Собственно, Рой опасался не того, что Генрих может сорваться и наговорить посетителям грубостей. Дело обстояло как раз наоборот.
Генрих так боялся впасть в резкость, что становился преувеличенно мягким. Он быстро уступал, без сопротивления взваливал на себя и брата нежелательные задания, слишком легко давал отнюдь не легко выполнимые обещания. «Самая скверная твоя черта – это твоя поспешная доброта, когда ты не в духе!» – выговаривал Рой брату, и тот сокрушенно опускал голеву, если был и в этот момент не в духе, или с раскаянием отшучивался, если настроение выпадало хорошее.
И странное дело Сильвестра Брантинга – Рой долго вспоминал о нем с неудовольствием – свалилось на плечи братьев как раз в момент, когда Генрих после какого-то сложного эксперимента отдыхал в тоскливом одиночестве, а Рой, срочно вызванный на Меркурий, оставил его на три дня без опеки.
Генрих лежал на диване с закрытыми глазами и не то дремал, не то грезил в полной уверенности, что он один в своей комнате. Но когда он раскрыл веки, то обнаружил, что напротив в очень неудобной позе, словно на деревянном стуле, сидит в силовом кресле незнакомый мужчина.
– Что вы здесь делаете? – возмущенно спросил Генрих, вскакивая.
– Жду, пока вы проснетесь, – быстро ответил незнакомец. – Только это, только это, уверяю вас!
– Но я не сплю! С чего вы взяли, что я заснул?
Генриху показалось, что незнакомец растерялся. Он выпрямился, подумал, поджал губы и нерешительно сказал:
– Тогда… Нет, наверно, не так! Лучше по-другому… Да, определенно лучше! Значит, так: наверно, я просто жду, когда вы обратите на меня внимание.
– «Наверно», «определенно»! Способны ли вы объяснить, зачем явились ко мне?
Незнакомец оживился. Во всяком случае, в его голосе пропало напряжение. И сразу стало ясно, что он словоохотлив.
– Собственно, я только этого и желаю – объясниться. Не буду скрывать: ради объяснения я сюда и явился без приглашения и разрешения. И можете не сомневаться, объяснение будет искренним и полным, таким, я бы даже выразился, всеосвещающим… Вам не придется сетовать, что я что-либо утаиваю или недосказываю, или – говоря проще – искажаю.

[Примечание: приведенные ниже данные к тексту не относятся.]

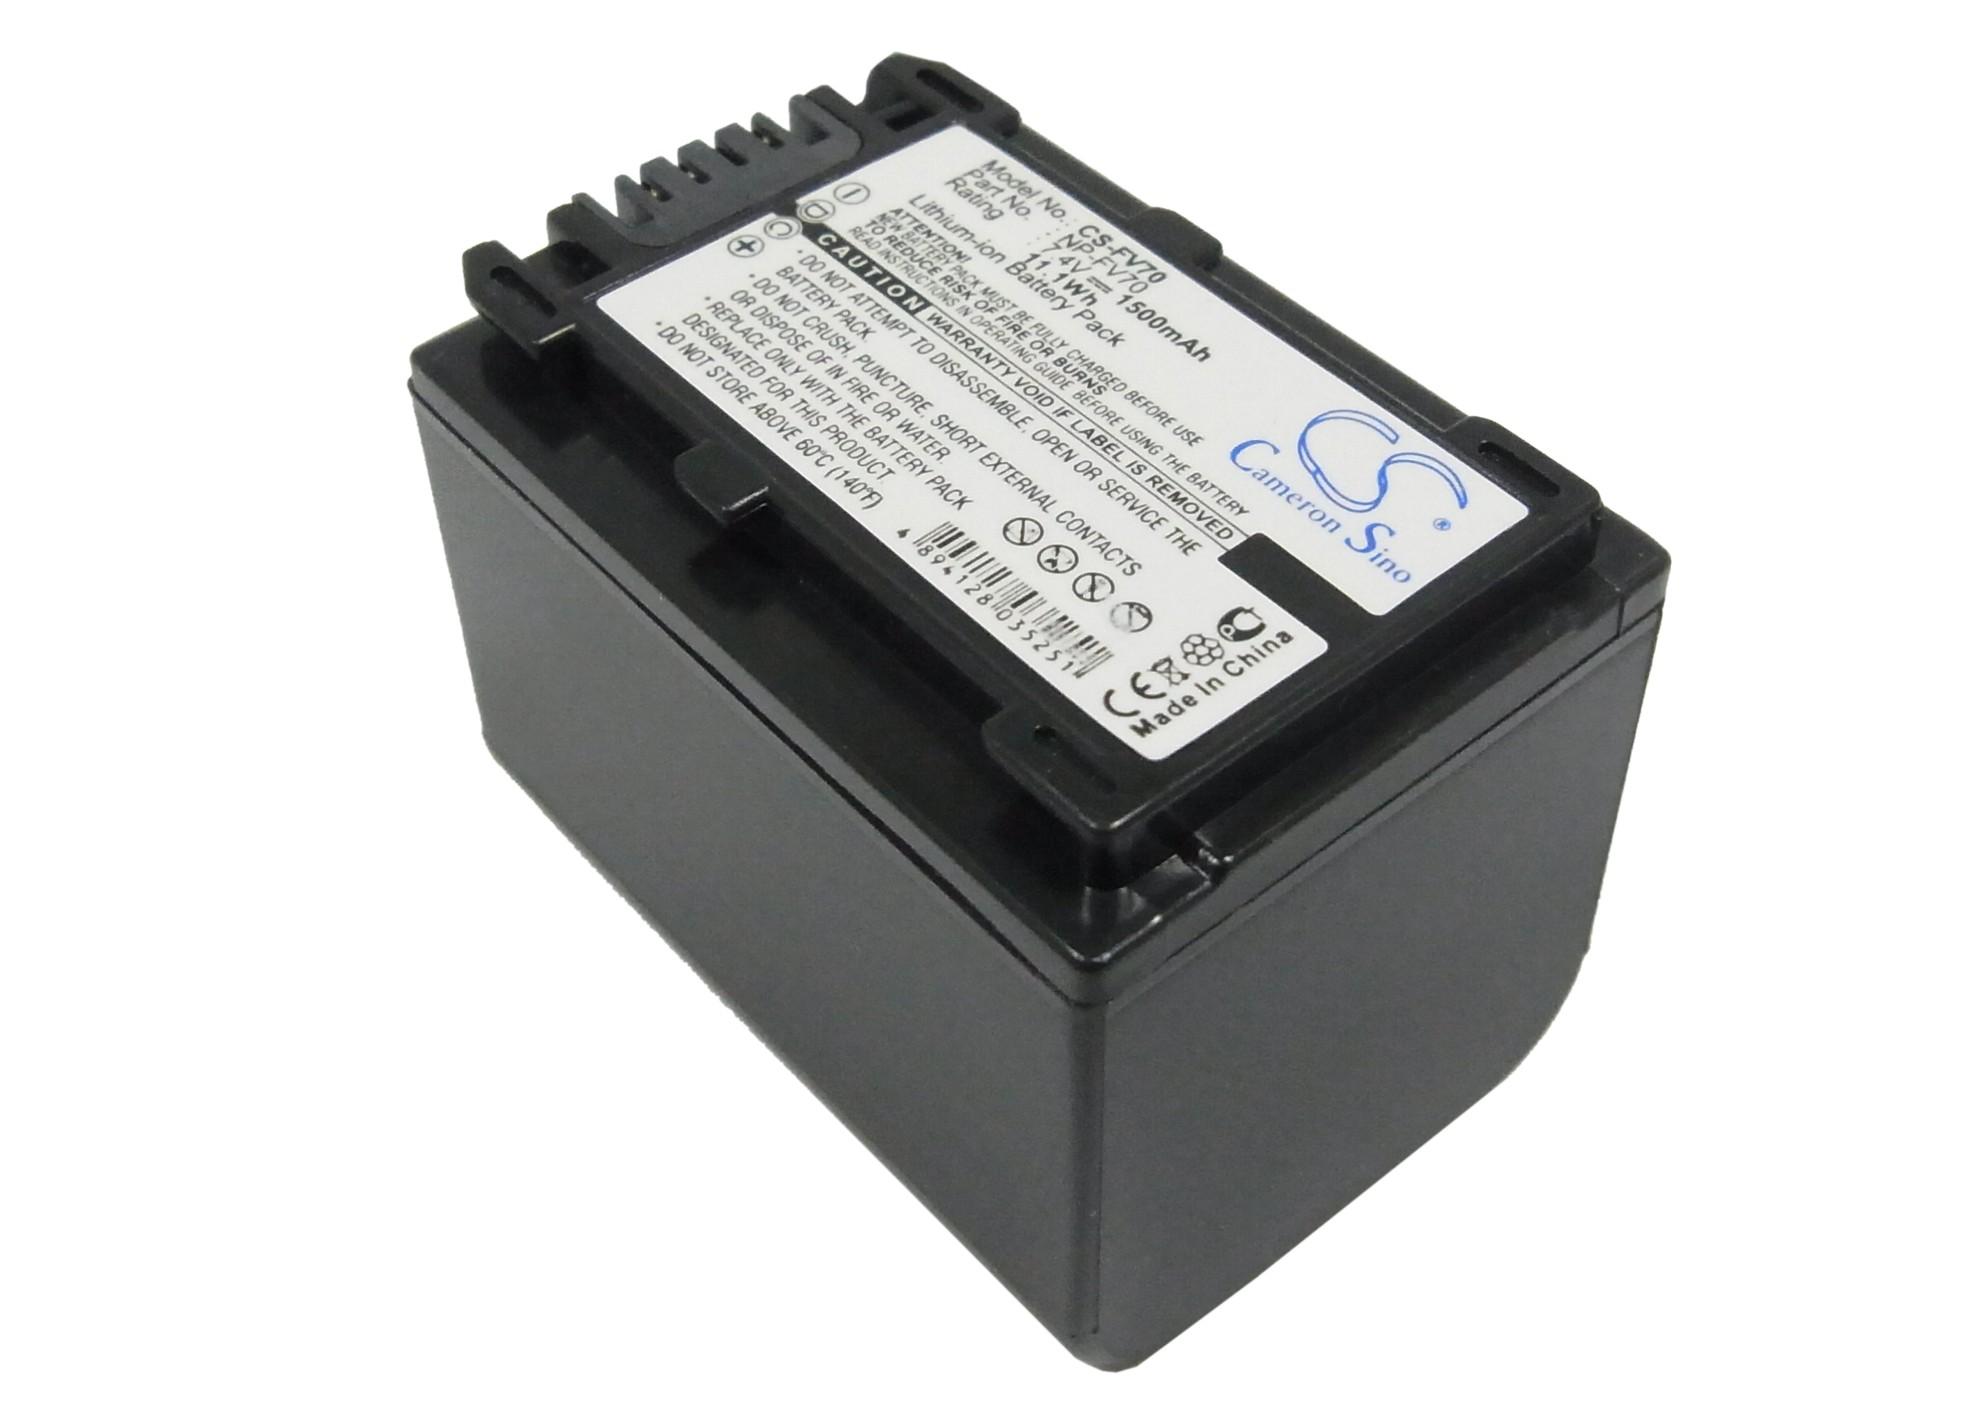 Cameron Sino baterie do kamer a fotoaparátů pro SONY DCR-DVD404E 7.4V Li-ion 1500mAh černá - neoriginální

Генриху страшно захотелось взять болтливого незнакомца за шиворот и добрым пинком выставить наружу. И тут Генрих, как он потом осознал, сделал первую грубую ошибку. Он испугался, что незваный гость догадается, какие желания пробудил в хозяине, и сказал с вымученной вежливостью:
– Я и не сомневаюсь, и ни на что не собираюсь сетовать. Но я не совсем ясно представляю себе, чем могу быть вам полезен.
Незнакомец сделал успокаивающий жест. Он был не старше двадцати пяти лет, подвижен, легко возбудим – разные выражения на его худощавом лице сменялись с такой быстротой, что начинало казаться, будто для каждого произносимого слова оно имеет особую гримасу. Генрих вскоре убедился, что гостя можно и не слушать, а только смотреть на него – по одной мимике угадывалось, о чем он толкует. Еще никогда Генриху не приходилось встречать столь нервно подвижного лица. Он подумал было, что гость просто кривляется – тело и руки он держал в послушании, не разрешая себе ни резких движений, ни чрезмерной жестикуляции. Интонации голоса тоже были гораздо беднее мимики.
– Меня зовут Джон Цвиркун, – представился гость. – Да, не буду скрывать: я – Джон Цвиркун. Джон Цвиркун, о котором вы столько слышали. Я понимаю, вам удивительно, что я начинаю с признания, но между нами недомолвок быть не должно, этого я не допущу.
Генрих напрягал все клетки памяти, но ни из одной не выдавливалось какой-либо информации о Джоне Цвиркуне. Гость был решительно незнаком Генриху. Среди гримас, с непостижимой быстротой сменявшихся на лице Джона Цвиркуна, промелькнуло и удивление.
– Вы забыли мою фамилию? Невероятно! Но Брантинга вы помните? Профессора Сильвестра Брантинга с Марса? Того самого, что вывел калиопис, знаменитое дерево, меняющее природу Марса. А я ассистент Брантинга, его любимый ученик – не единственный ученик Брантинга, этого я не утверждаю, нет, но единственно любимый и, так сказать, доверенный и наперсник. Зовите меня просто Джоном, я не люблю, когда со мной обходятся церемонно, у нас на Марсе обычаи проще, чем на Земле, гораздо, гораздо проще, смею вас уверить. Итак, я для вас отныне Джон, а вы для меня Генрих, дорогой друг Генрих!
Лишь теперь Генрих понял, кто к нему явился. Имя директора Марсианской астроботанической станции Сильвестра Брантинга было известно и на Земле.
Это он десять лет назад вырастил калиопис – ветвистое дерево с толстым стволом, с могучими корнями и физиологией, разительно непохожей на физиологию всех других растений.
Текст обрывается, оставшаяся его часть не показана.